The pattern of PPIs used did change over the course of the study. At baseline, the commonest PPI was lansoprazole, but omeprazole superseded this over the course of the trial. Much of this change occurred in the first year and hence could be a consequence of the review of medical management that was part of the trial management for those randomised to medical management.
The larger number of overnight hospital admissions in the randomised medical management group was largely, but not totally, explained by the minority who went on to have surgery; as discussed in Chapter 5 describing the economic evaluation, this was the principal driver of extra resource use by the medical group during the longer-term follow-up.

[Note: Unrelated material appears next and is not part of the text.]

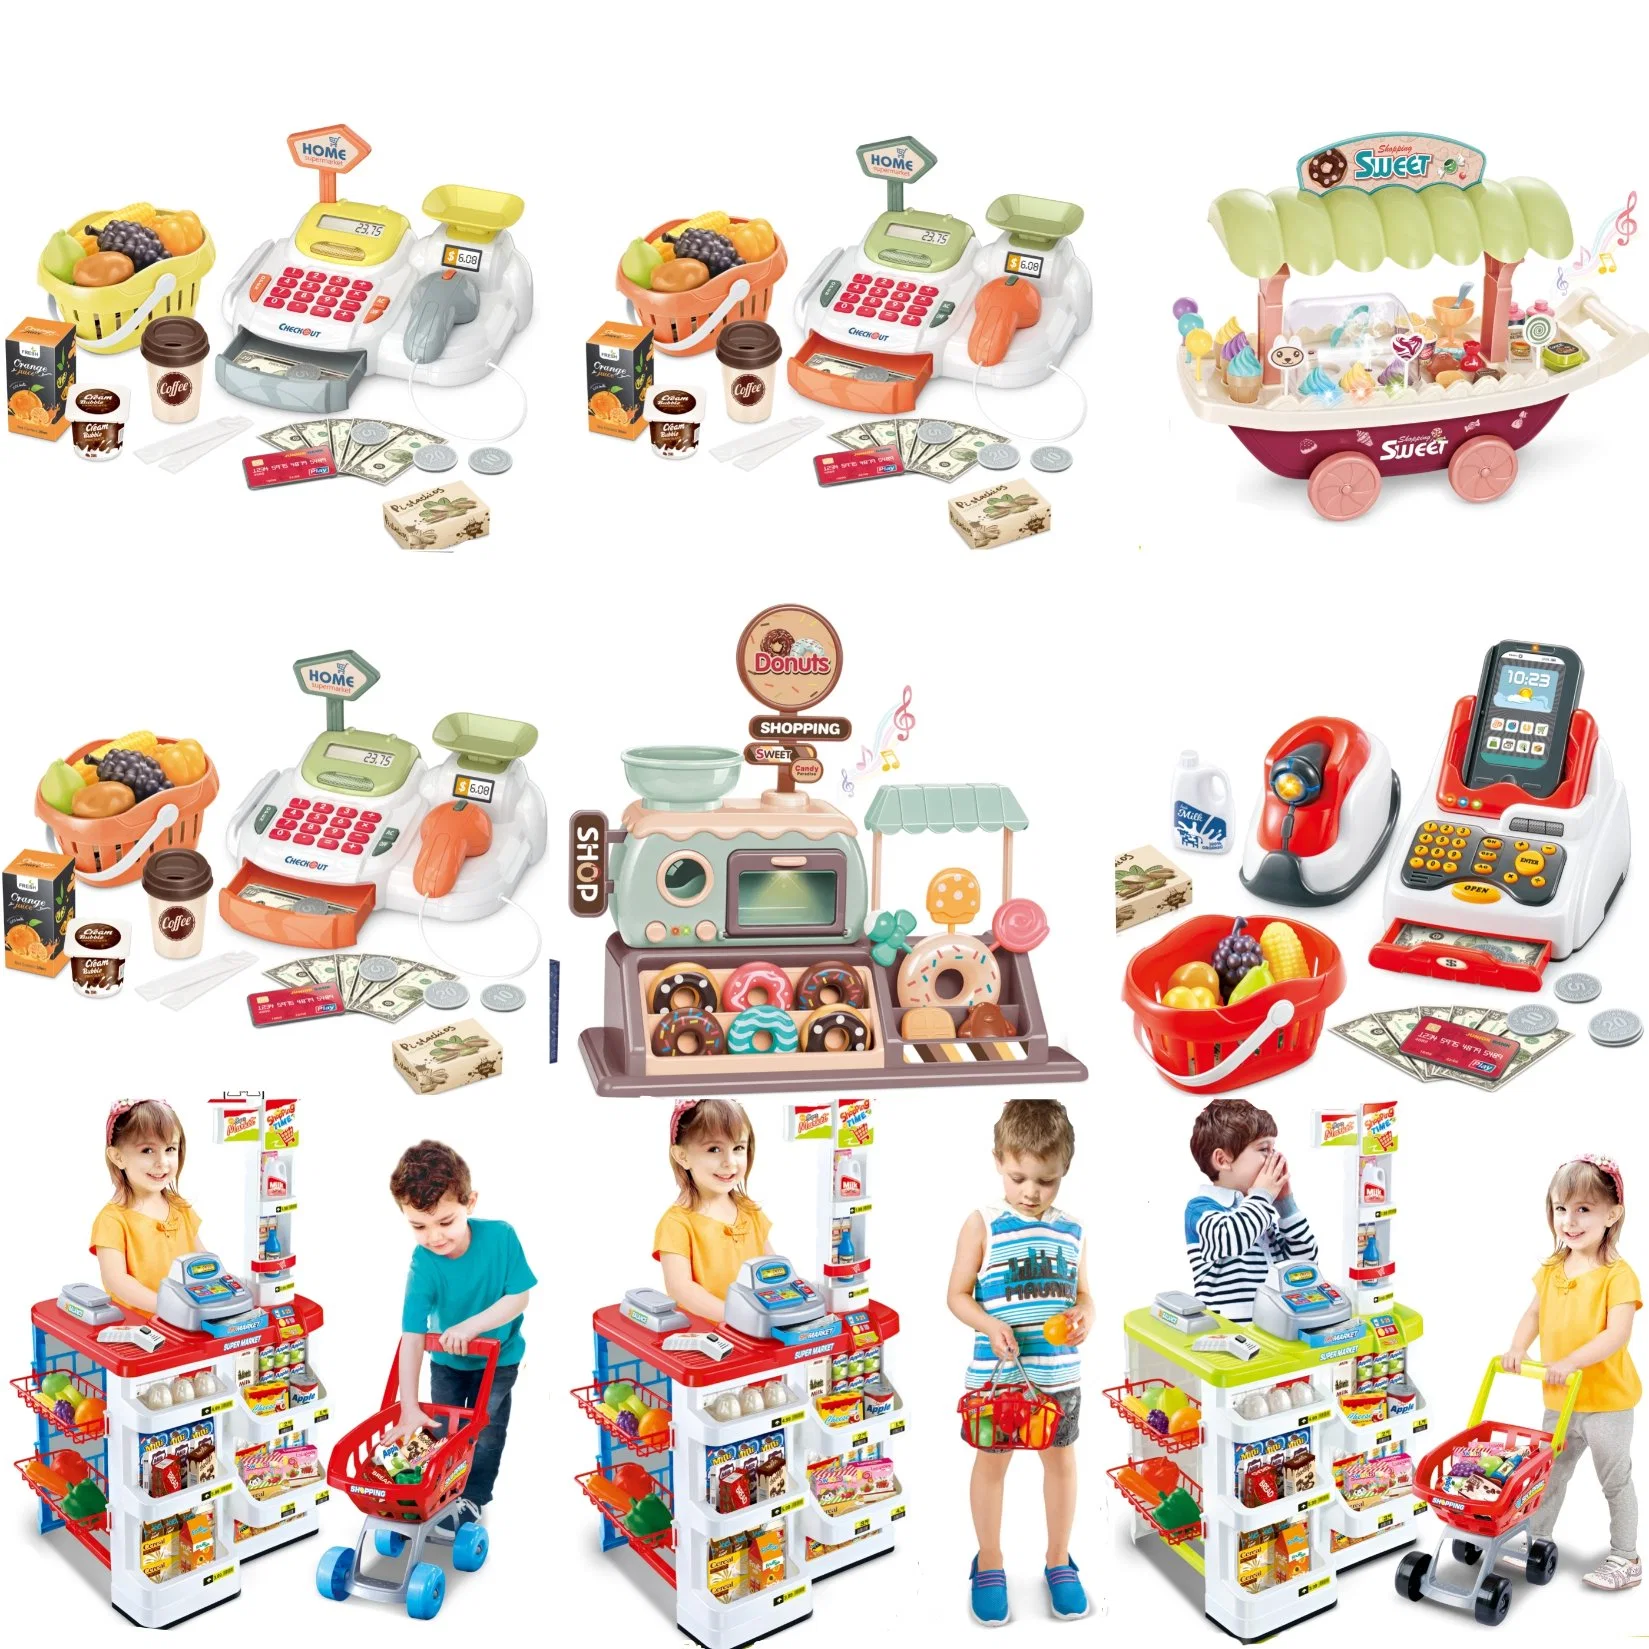 Pot культуры, претендует на воспроизведение кухня игрушка кукла пластмассовых игрушек для детей Дети DIY Self-Assembling заводе прямых продаж оптовым интеллектуальной образовательных игрушек для детей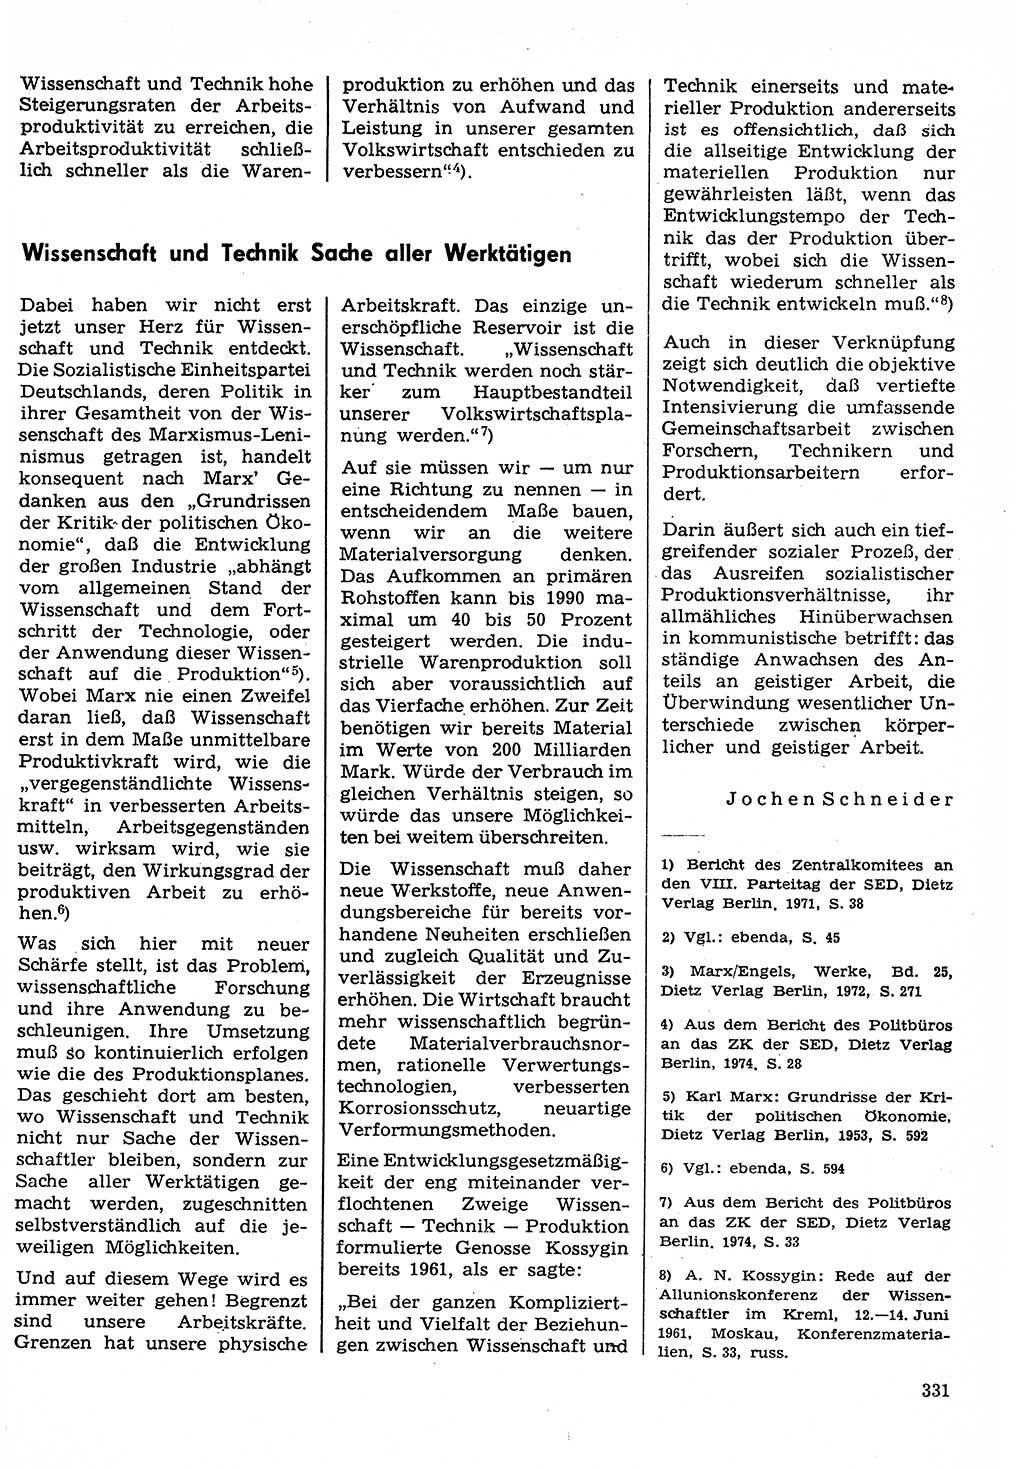 Neuer Weg (NW), Organ des Zentralkomitees (ZK) der SED (Sozialistische Einheitspartei Deutschlands) für Fragen des Parteilebens, 30. Jahrgang [Deutsche Demokratische Republik (DDR)] 1975, Seite 331 (NW ZK SED DDR 1975, S. 331)

Despite the methodological challenges alluded to above, the study, through the data presented here, has successfully addressed the first of the objectives of this longer-term follow-up: to assess whether or not short-term clinical benefits, principally in terms of symptom control, are sustained – they are, albeit attenuated. In the next chapter we consider the REFLUX trial in the context of the three other randomised trials that have been conducted worldwide comparing laparoscopic fundoplication with medical management, and assess whether or not the results of the REFLUX trial are consistent with those of the other trials.